A retired teacher in Kansas built her budget around a Social Security check that lands on the second Wednesday of every month. Her mortgage is paid off, but property taxes, prescriptions, and groceries still need covering. When she hears that her benefit could shrink by roughly a fifth in a few years, it stops being a Washington story and starts being a kitchen-table problem.
That is exactly the warning Congresswoman Sharice Davids put out this month. Citing the 2026 Trustees Report, she said Social Security’s trust fund is now projected to become insolvent in 2032, earlier than last year’s report indicated. Her office attributes part of that acceleration to policies enacted during the Trump administration’s second term. Her line that stuck: lawmakers shouldn’t be “asking them to pay the price while billionaires get another tax break.”
On retirement forums, the question keeps coming up: should I claim early to lock something in before Congress acts? It is an understandable fear, and worth slowing down on.
The Number That Actually Matters: A 20% Haircut
If Congress does nothing, the law triggers an automatic across-the-board benefit reduction once the trust fund runs dry. Davids puts the practical impact at roughly a 20% cut, about $500 a month for the average senior. Other analysts, including economists at Stanford, have warned the haircut could land closer to 23% if nothing changes. Either way, the order of magnitude is the same.
Translate $500 a month into a year and it is about $6,000. For most retirees, that is concrete: several months of groceries, a full property tax bill, or a meaningful share of annual prescription costs. Average household spending ran $78,535 in 2024, and seniors typically spend below that average, which makes a $6,000 gap a real budget event.
Why does this one number outweigh everything else? Because Social Security is doing more heavy lifting than ever. As of the first quarter of this year, Social Security made up 31.9% of all transfer income Americans receive, and the personal savings rate has slipped to 3.9%, down from 6.2% two years ago. Households have less cushion to absorb a cut than they did a couple of years ago.
How the Cut Would Ripple Through Retirement
Annual cost-of-living adjustments will not save anyone from a structural cut. The 2026 COLA came in at 2.8%, which keeps pace with inflation but does not build a buffer. Meanwhile, CPI keeps grinding higher: the headline index reached 335.123 in May, well above where it sat a year earlier. A 20% benefit reduction stacked on top of that erodes purchasing power in two directions at once.
For retirees with an IRA or 401(k), a benefit cut also changes withdrawal math. Pulling an extra $6,000 a year from a portfolio to plug the gap may push you into a higher tax bracket, increase the share of Social Security that becomes taxable, or accelerate the drawdown of accounts you hoped to leave to heirs.

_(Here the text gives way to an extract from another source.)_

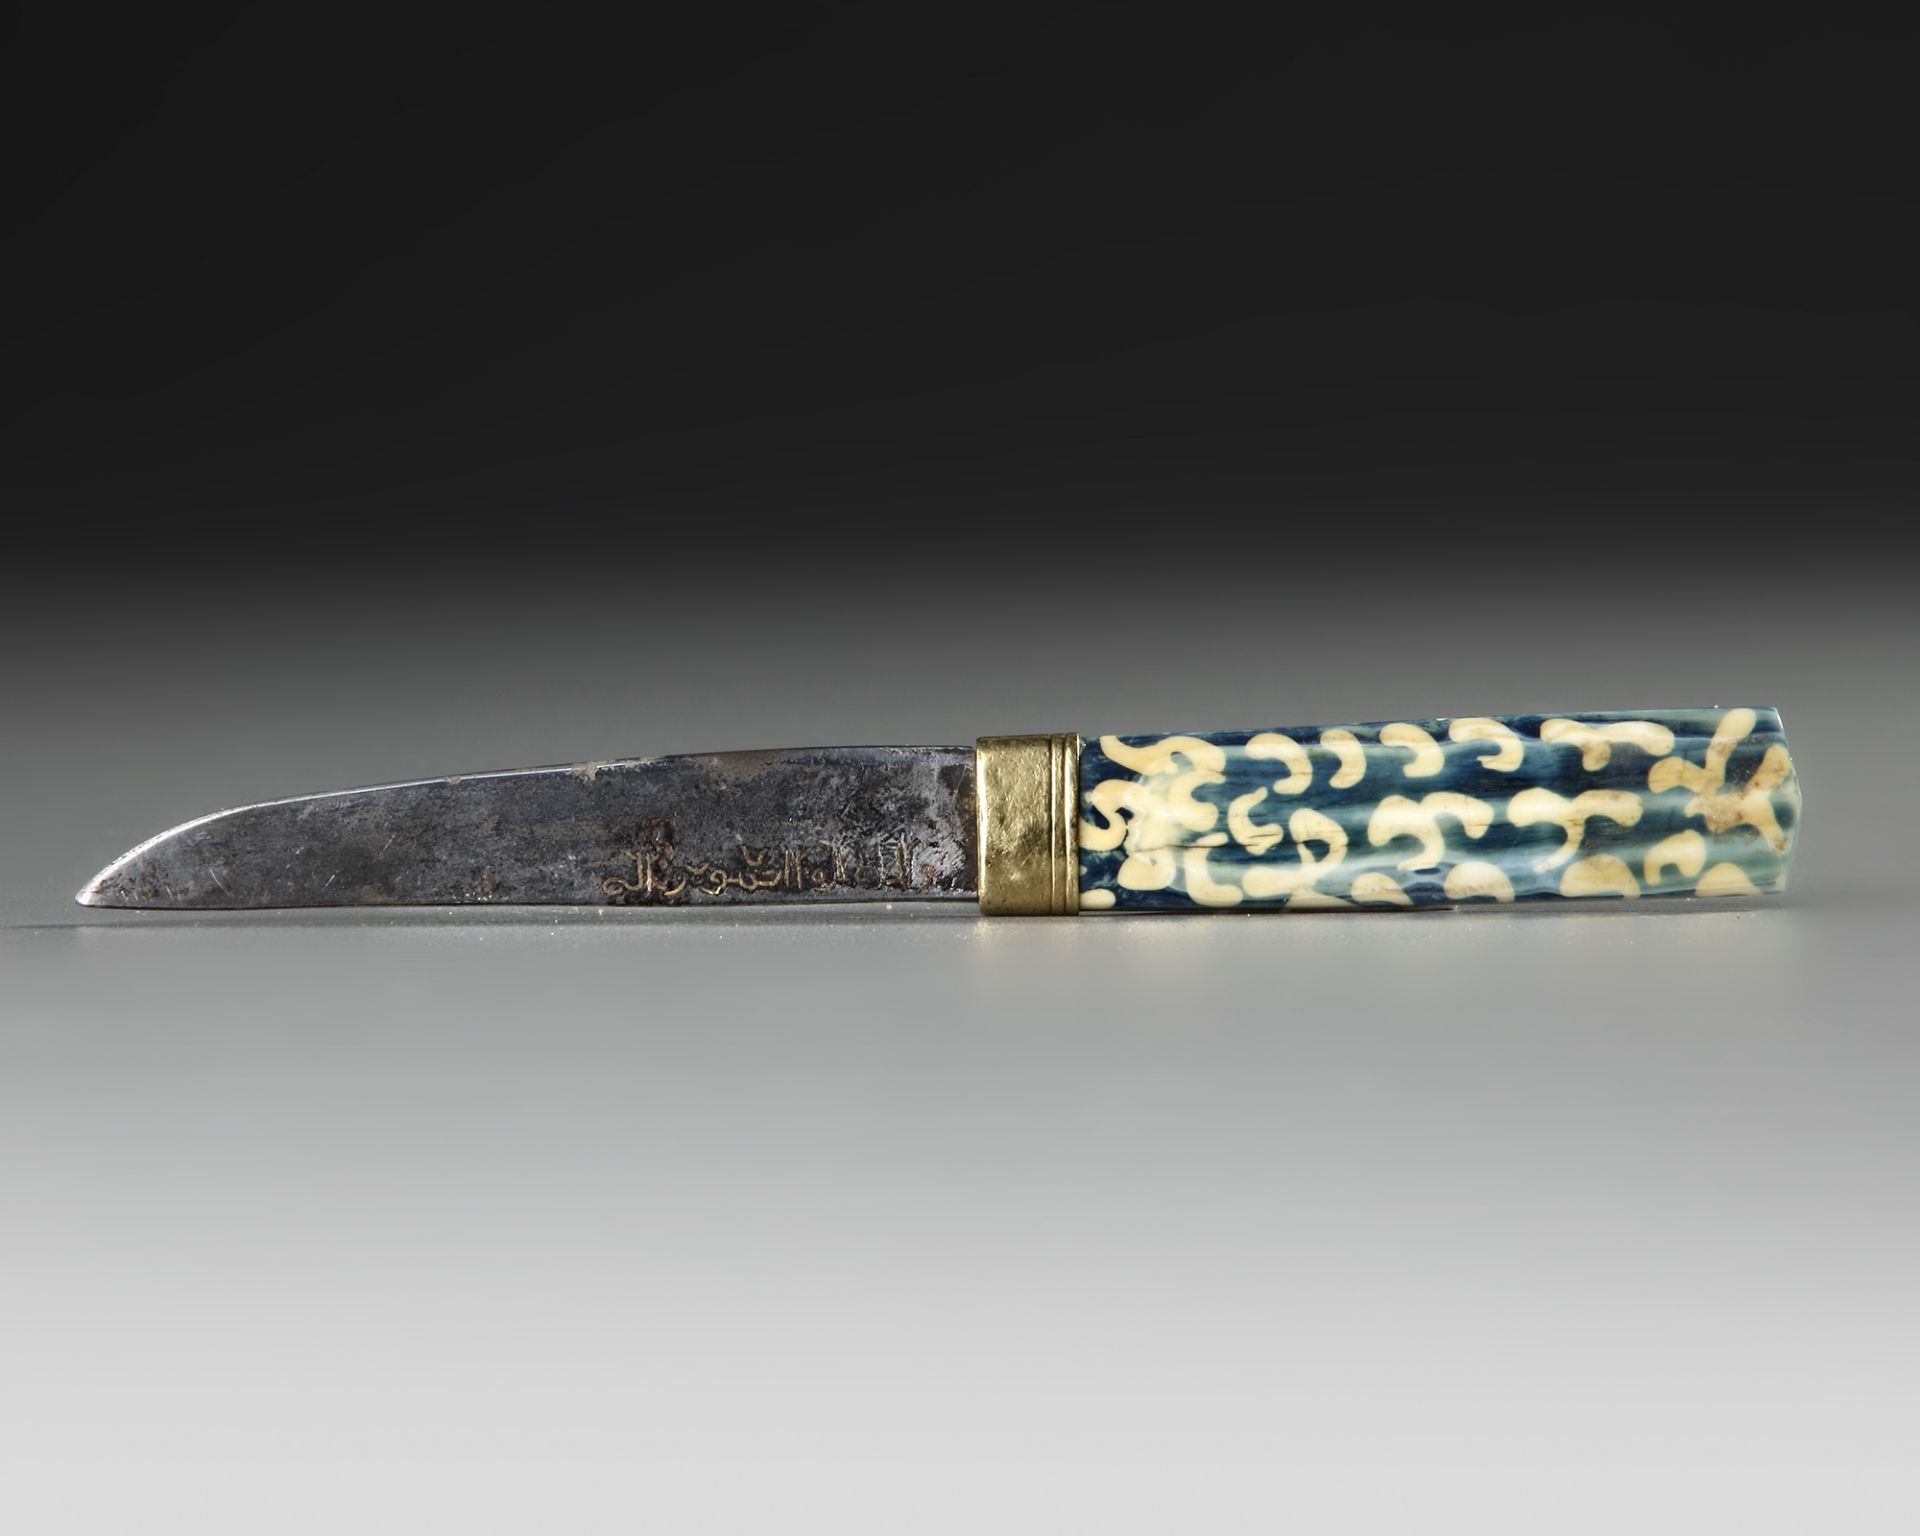 A SMALL INSCRIBED KNIFE, LATE TIMURID, 15TH-16TH CENTURY - Bild 2 aus 4

What Congress Could Actually Do
Davids frames the choice as either increasing revenue or cutting benefits, and says her preference is to raise revenue by asking higher earners to pay more. The broader toolkit Congress can pull from includes four levers:
- Raise the payroll tax cap. In 2026, earnings above $184,500 are not taxed for Social Security. Lifting that ceiling brings in more revenue without touching benefits.
- Reduce benefits, either across the board or targeted at higher earners. Polling shows 61% of Americans support trimming benefits for higher earners to protect lower-income retirees.
- Improve the trust funds’ investment returns, a smaller lever but one that is part of the conversation.
- Form a bipartisan commission to package reforms together. Representatives Tom Suozzi and Tom Cole have introduced legislation to create exactly that.
What to Focus On Before You React
The hardest mistake to undo is claiming Social Security early out of fear. Filing at 62 instead of full retirement age permanently reduces your monthly benefit by roughly 30%, and that reduction compounds for the rest of your life. A potential 20% legislative cut years from now is not worth locking in a guaranteed 30% personal cut today.
The more useful move is to stress-test your plan. Ask what your budget looks like if your benefit dropped by $500 a month starting in 2032. If the answer is tight but workable, you have time. If the answer is alarming, that is information worth acting on now, whether that means trimming fixed costs, delaying claiming, or rebalancing how you draw from savings.
Every household’s numbers land differently. Small details, such as marital status, pension income, or state taxes, can shift the picture more than headlines suggest. Know your own math before Congress finishes writing theirs.